Ensuring Application Security in Organizations

By CIOReview | Friday, April 22, 2016
670
1156
219
Julien Bellanger, Co-founder and CEO, Prevoty

Julien Bellanger, Co-founder and CEO, Prevoty

MENLO PARK, CA: One of the most promising enterprise security companies, Prevoty Inc recently added latest web service capabilities to combat with the growing vulnerabilities in network applications. The web services will allow the organizations to integrate attack protection technology into many applications in a faster and in a less complicated way.

Most of the conglomerates and multinational companies spend millions to safeguard their online network applications. The latest digital inventions and innovations in technology have rapidly led to increase in the usage of web services, creating a much larger application ecosystem. However, this boom has also lead to many vulnerabilities like cross-site scripting and SQL injection, causing security threats that may exist at various layers of network in an organization. “The ability to monitor application security complements legacy firewall solutions and only paves way for added security,” says Julien Bellanger, Co-founder and CEO, Prevoty. The firm has widened the scope of its Runtime Application Security product with Language Theoretic Security (LANGSEC) based web service capabilities.

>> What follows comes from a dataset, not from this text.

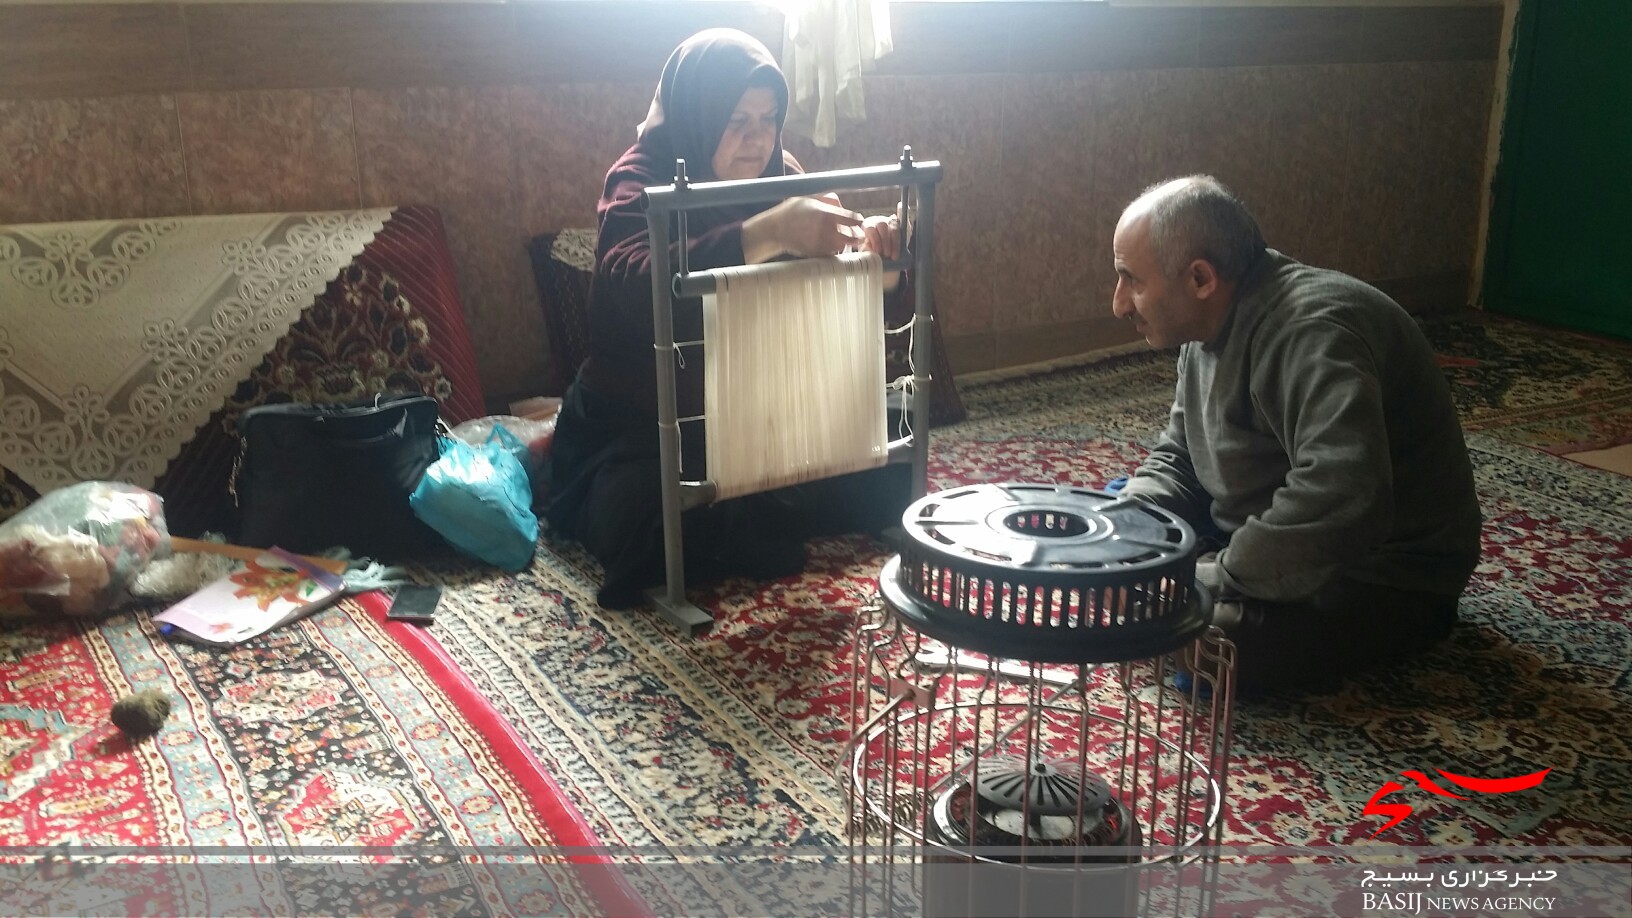 شبکه های تخصصی اشتغالزایی با مشارکت مردم در روستاهای محروم مازندران +تصاویر

Many organizations, have replaced their traditional web applications with new web services. Adding to an existing layer of traditional application increases the vulnerability risks. These days, the organizations are dealing with complex programmatic logic in the form of JavaScript and sometimes massive amounts of structured data in the form of Extensible Markup Language (XML) or JavaScript Object Notation (JSON). It is noted that most often, network applications are involved in communication with structured data in XML or JavaScript Object Notation (JSON). This can create a twofold problem—exposure of data to the end user and possibilities of new threats against the application.

Hence, Prevoty's Web Service capabilities adds additional processing in order to detect and understand the data type being moved to the application. The Web Services then applies the LANGSEC based approach, without damaging the data structure, which the application expects to receive. Employing this method, Prevoty continues to amalgamate with other applications without the need for code changes by engineers. “Our goal is to continue to pioneer in the security space by innovating the way companies protect their data,” remarks Bellanger.